TASK DESCRIPTION = Look below for the line that contains "Colobus Monkey yawning, canine teeth", then quote it and all the lines after it, exactly, with the pictures left out.

RECORDED DATA =
=-=-=
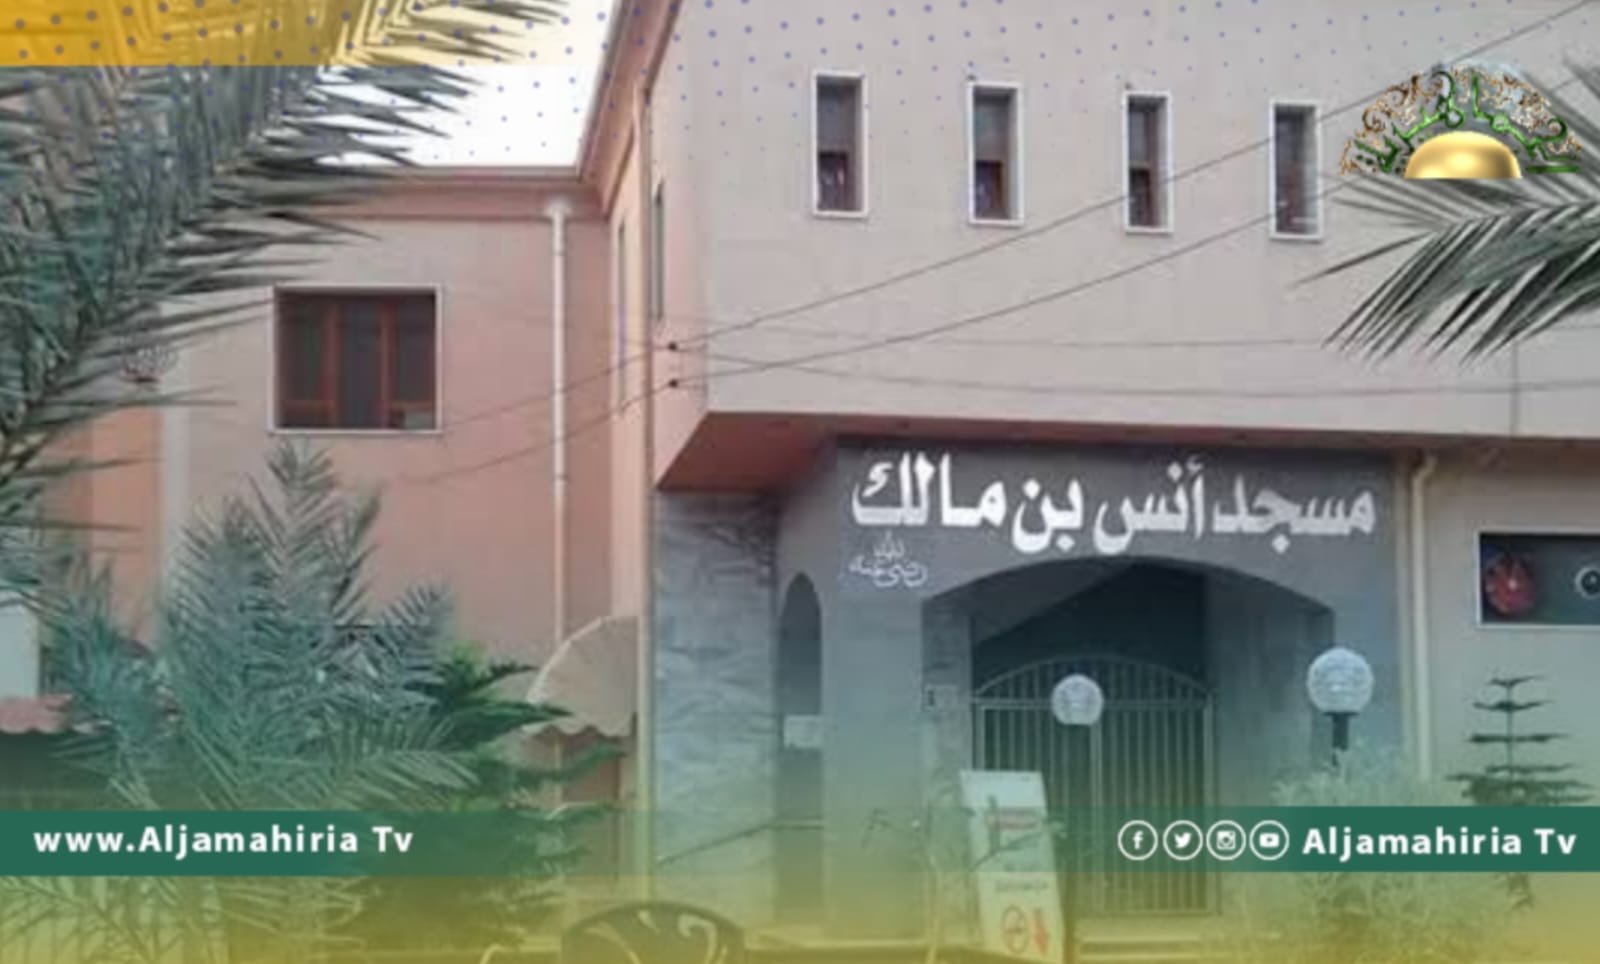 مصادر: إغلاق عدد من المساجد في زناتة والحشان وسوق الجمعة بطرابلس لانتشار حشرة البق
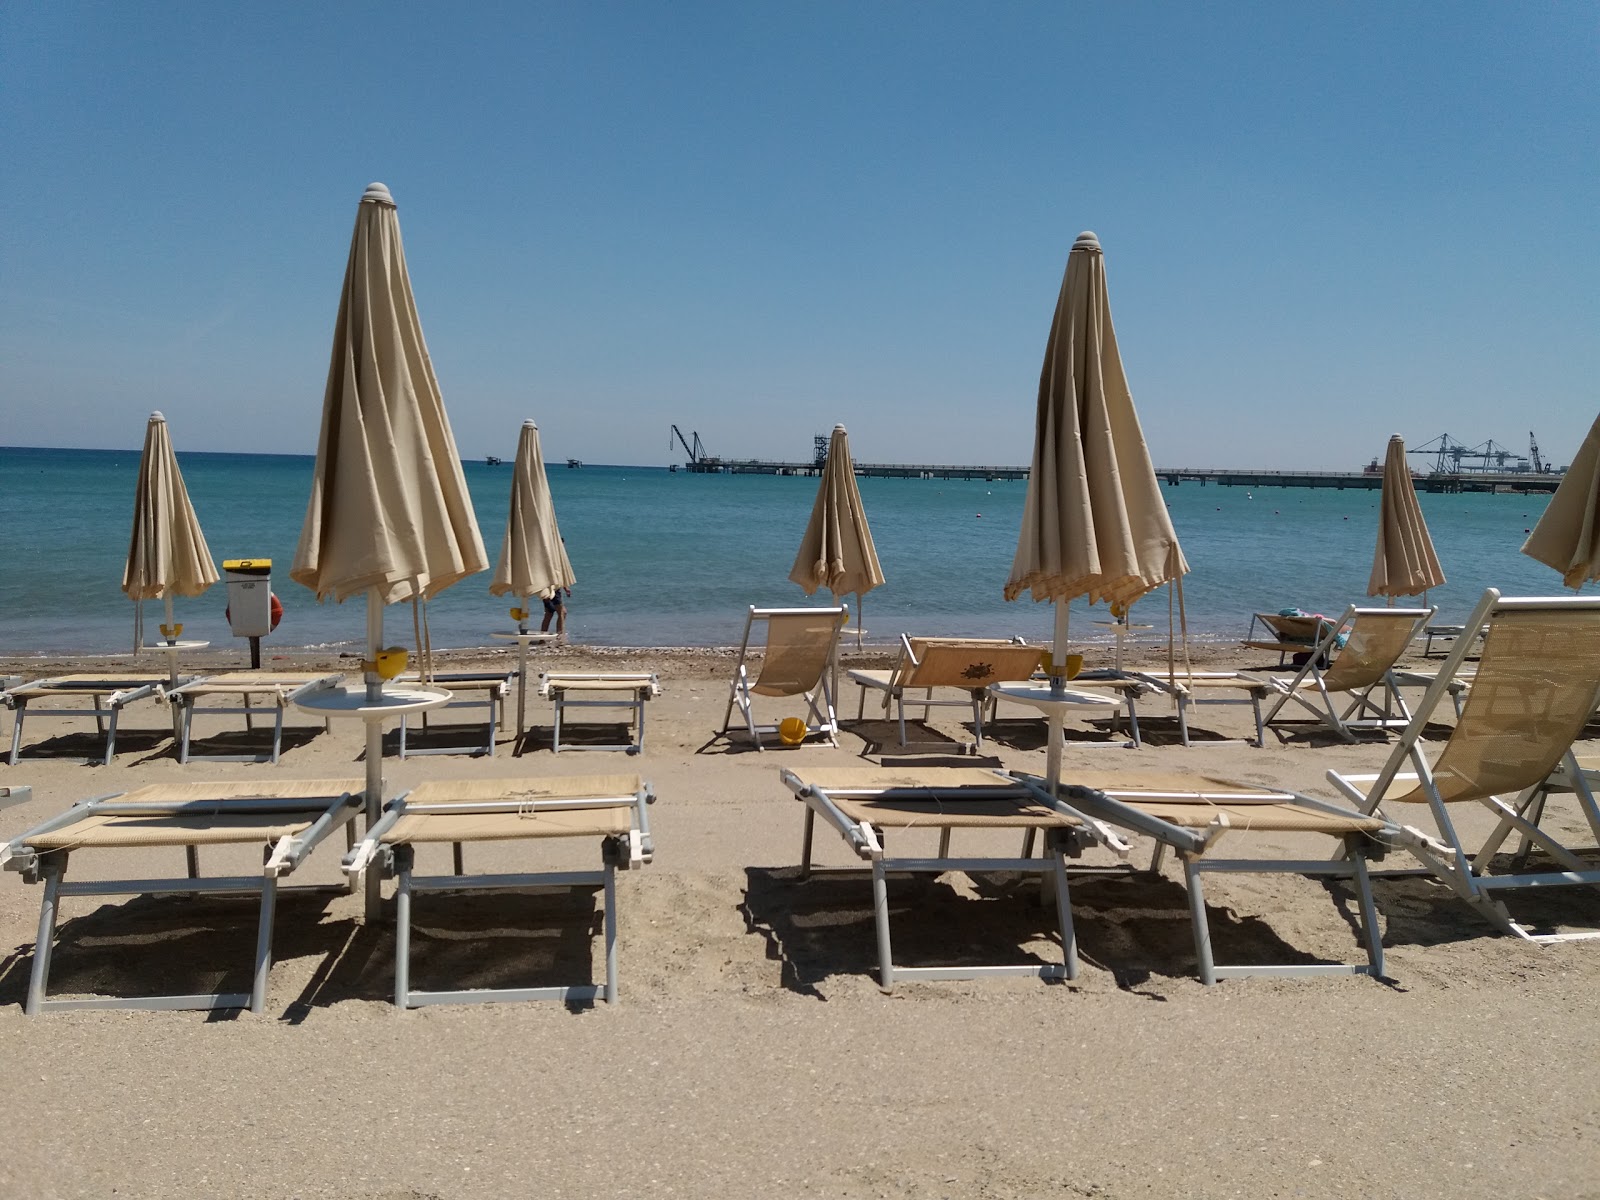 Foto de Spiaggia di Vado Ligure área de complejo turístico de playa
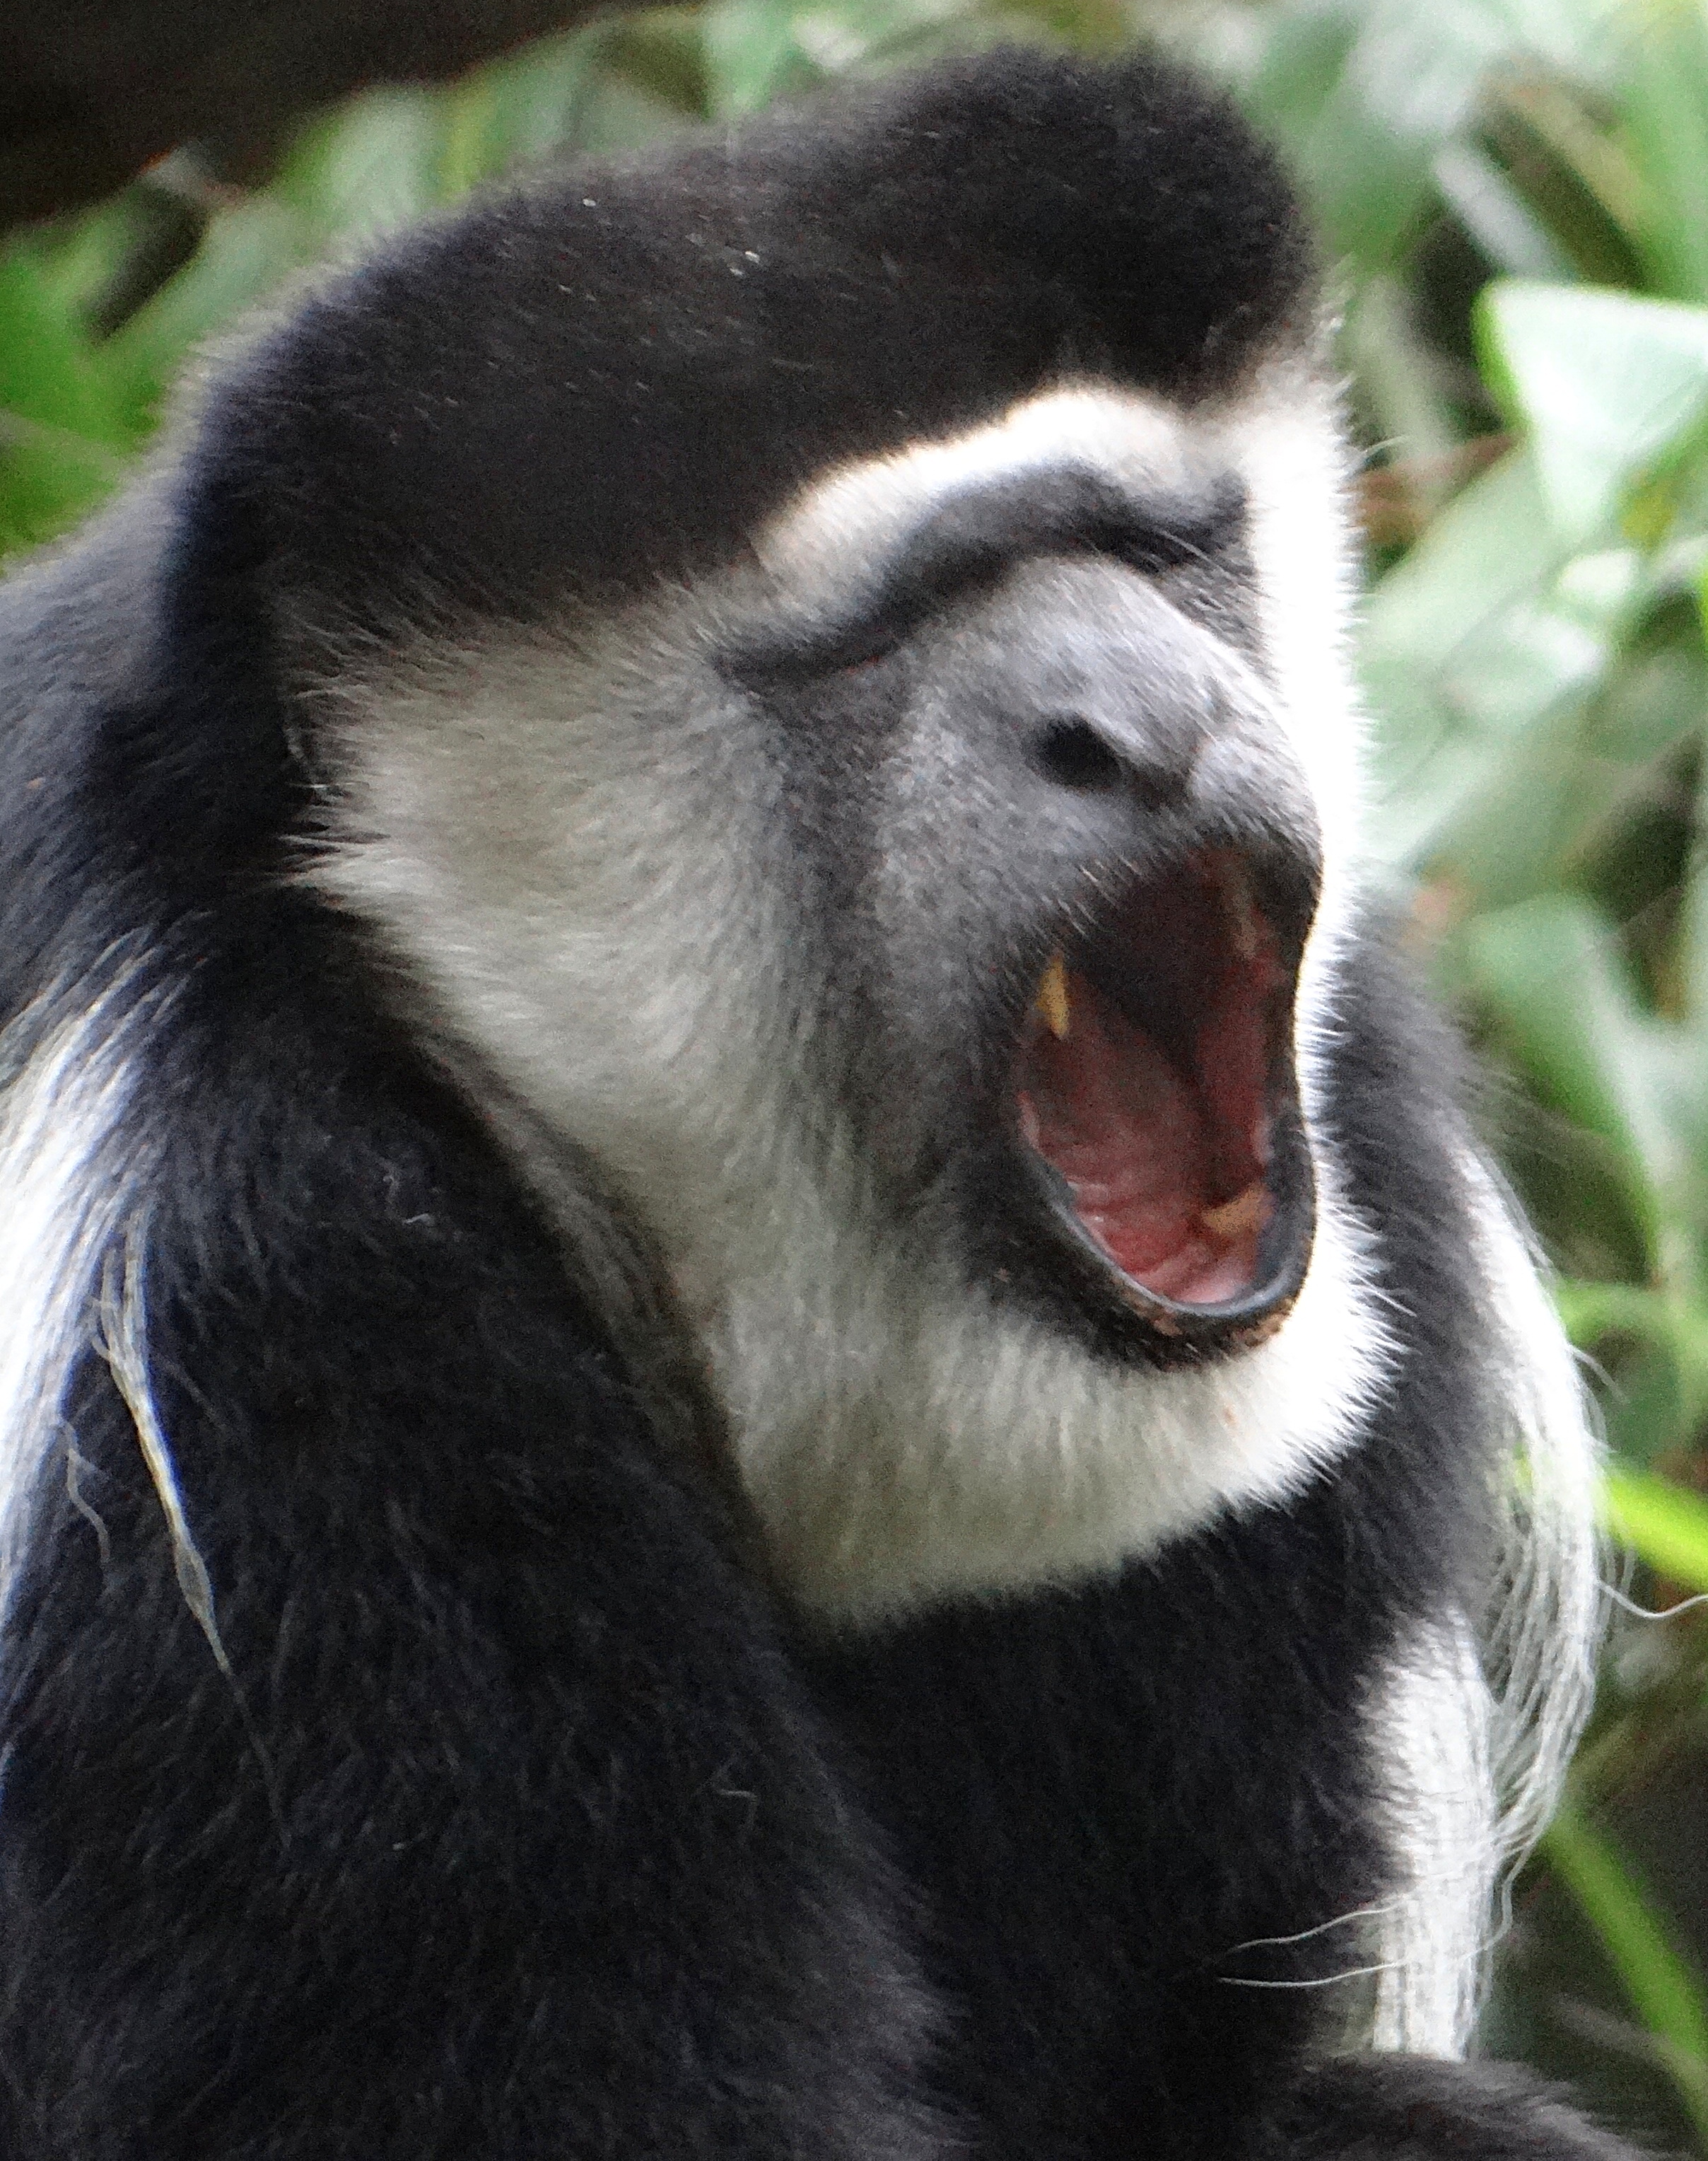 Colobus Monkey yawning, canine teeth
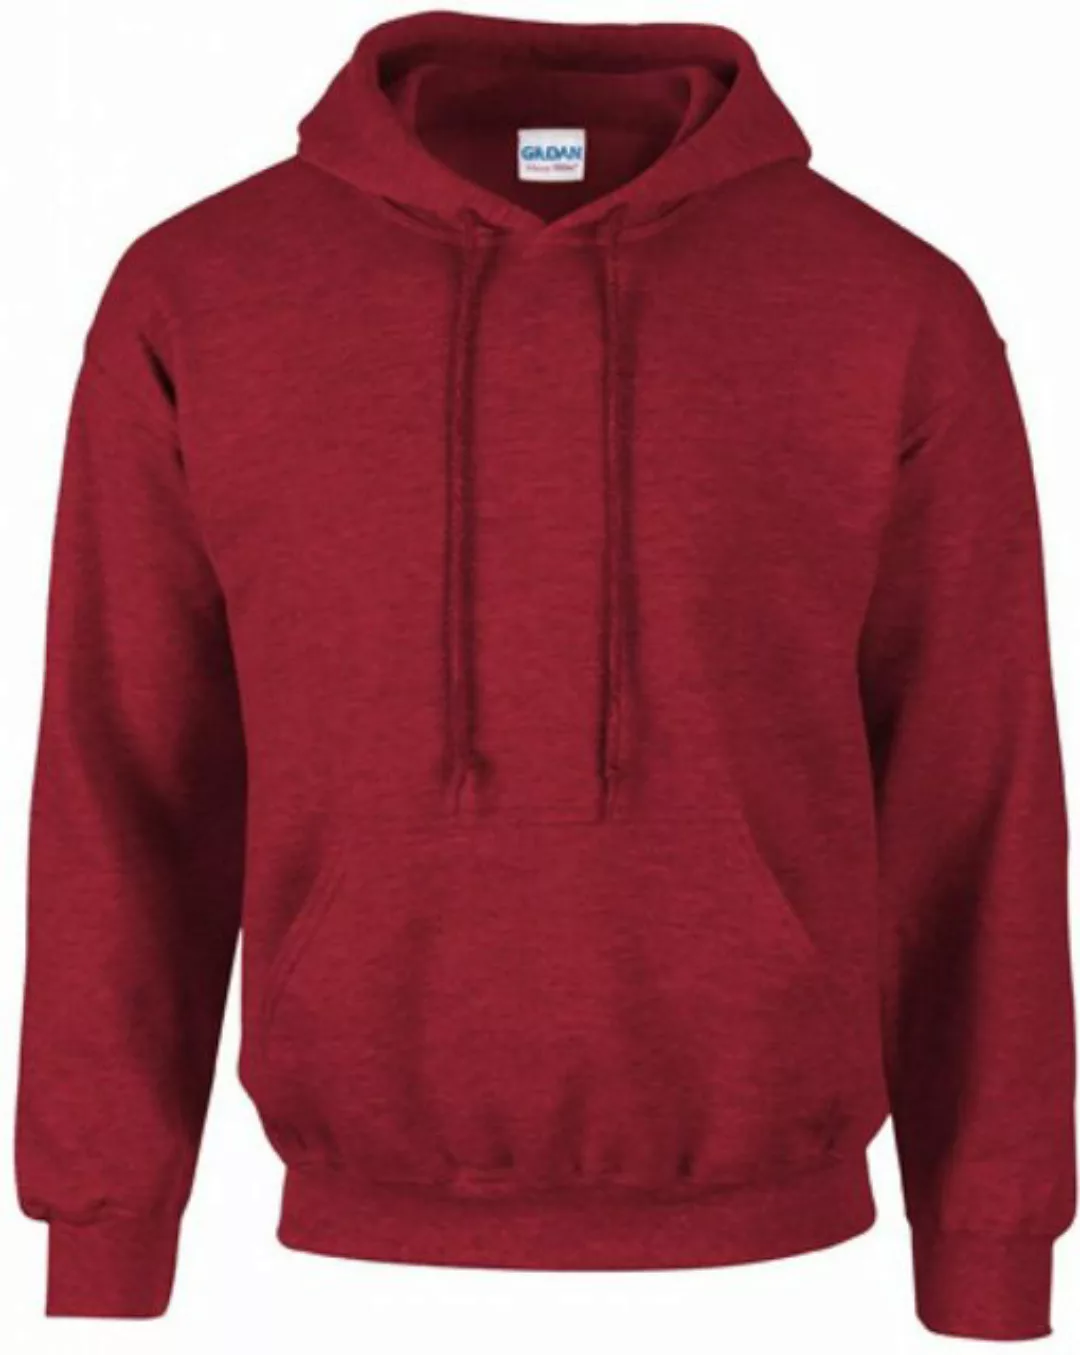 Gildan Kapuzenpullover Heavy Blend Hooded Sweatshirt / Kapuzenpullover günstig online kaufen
=-=-=
RESPONSE TO THIS EXERCISE =
 Colobus Monkey yawning, canine teeth
 Gildan Kapuzenpullover Heavy Blend Hooded Sweatshirt / Kapuzenpullover günstig online kaufen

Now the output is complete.